Communication protocol layering breaks down the complexity of modern communications into smaller, more convenient pieces. For example, the Open System Interconnect (OSI) reference model includes, at its lowest levels, a physical layer and a data link layer. The physical layer is the lowest level and specifies the bit-level coding and synchronization scheme such that bits may be transferred between users on a network. As is the case with all the remaining layers, the physical layer specification is simply a protocol or rule set and is silent with respect to specific implementations a user may desire. Thus, communication protocol layering allows a user to make implementation changes in one layer without affecting the remaining layers.

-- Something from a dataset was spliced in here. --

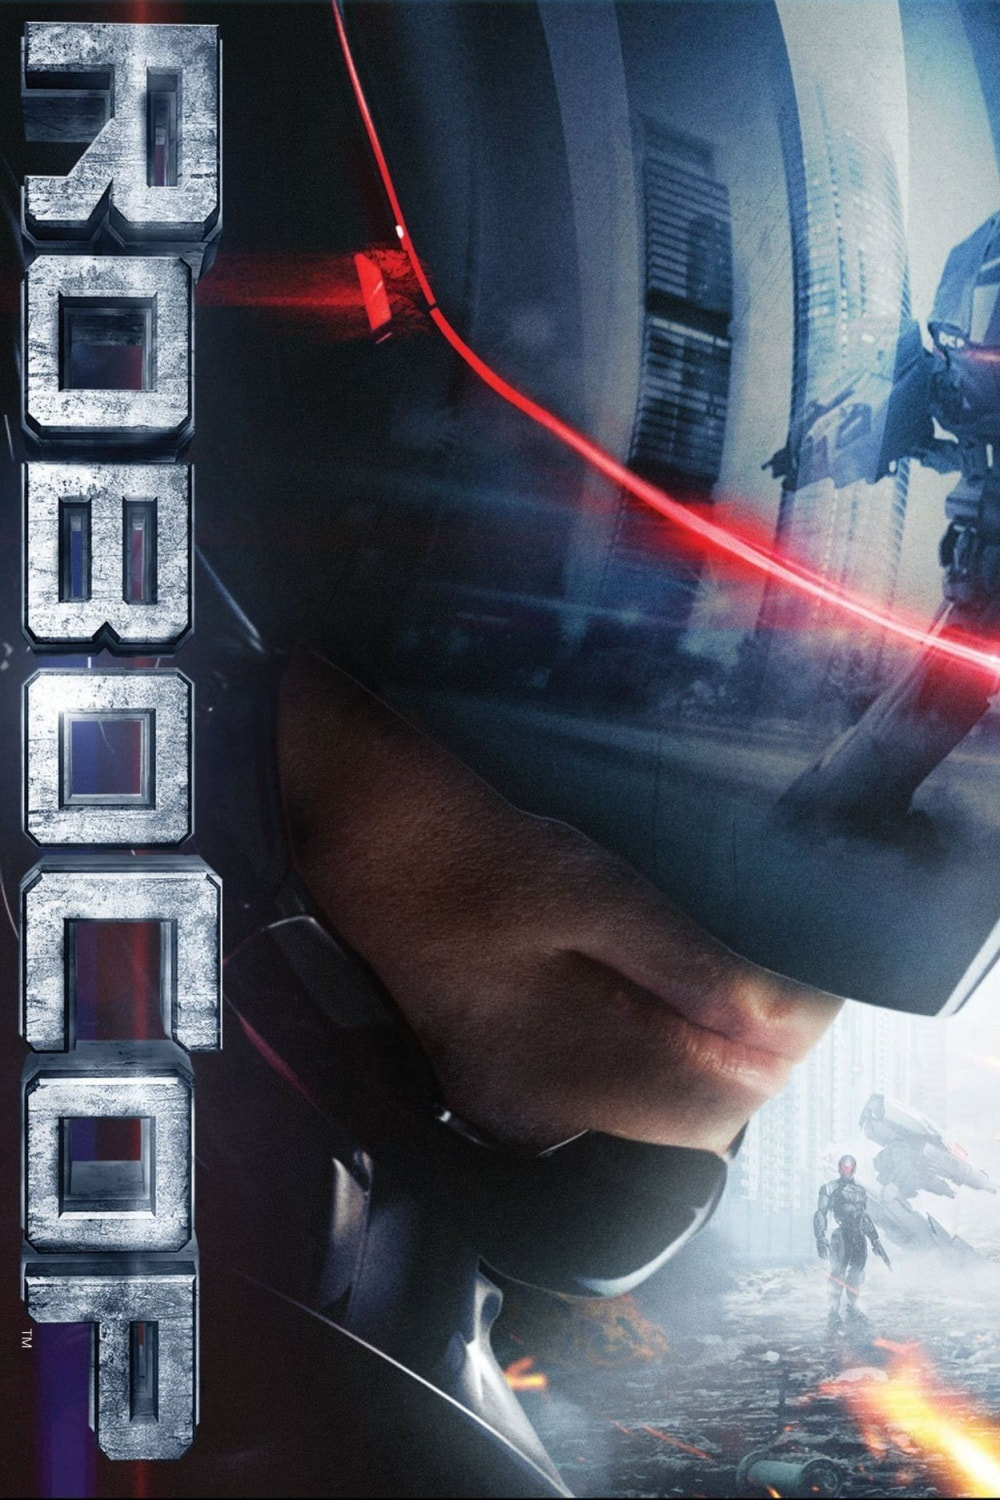 Poster for Robocop 2014 remake

Above the physical layer is the data link layer, which specifies, among other matters, how a user accesses the communication medium and related framing, error correction, and addressing issues. The particular set of rules within the data link layer associated with accessing the medium are denoted as the media access control (MAC) sublayer. Without such a layer, a user would not be able to, for example, distinguish idle transmissions from data-containing transmissions. In general, the data link layer will be strongly influenced by the actual transmission medium being used. Thus, the MAC sublayer must be changed depending upon the transmission medium and the communication protocol being supported.
Two approaches are conventionally used to implement the MAC sublayer. In a dedicated approach, each communication protocol being supported requires its own MAC sublayer hardware. For example, each station in a one gigabit Ethernet network may have an application-specific integrated circuit (ASIC) dedicated to performing the appropriate MAC sublayer. Should the network also support a 10 gigabit Ethernet protocol, each station would need another ASIC to support the corresponding MAC sublayer.
Alternatively, a software-implemented approach may be used. In such a technique, a processor loaded with the appropriate software implements the MAC layer.
Each of the above-described approaches suffers from certain disadvantages. Although a dedicated hardware approach offers relatively fast processing speeds, each communication protocols being supported demands more die area since it most have its own MAC sublayer ASIC. Although a software-implemented approach does not require additional die area for each protocol being supported, it suffers from relatively lower processing speed. Thus, a user desiring a system which supports multiple communication protocols is faced with a quandary: choose dedicated MAC sublayer hardware for each protocol to get better processing speed but suffer from increased die space demands or use a processor to implement the necessary MAC sublayers but suffer from lower processing speed.
Accordingly, there is a need in the art for improved techniques to implement the MAC sublayer in communication systems supporting multiple communication protocols.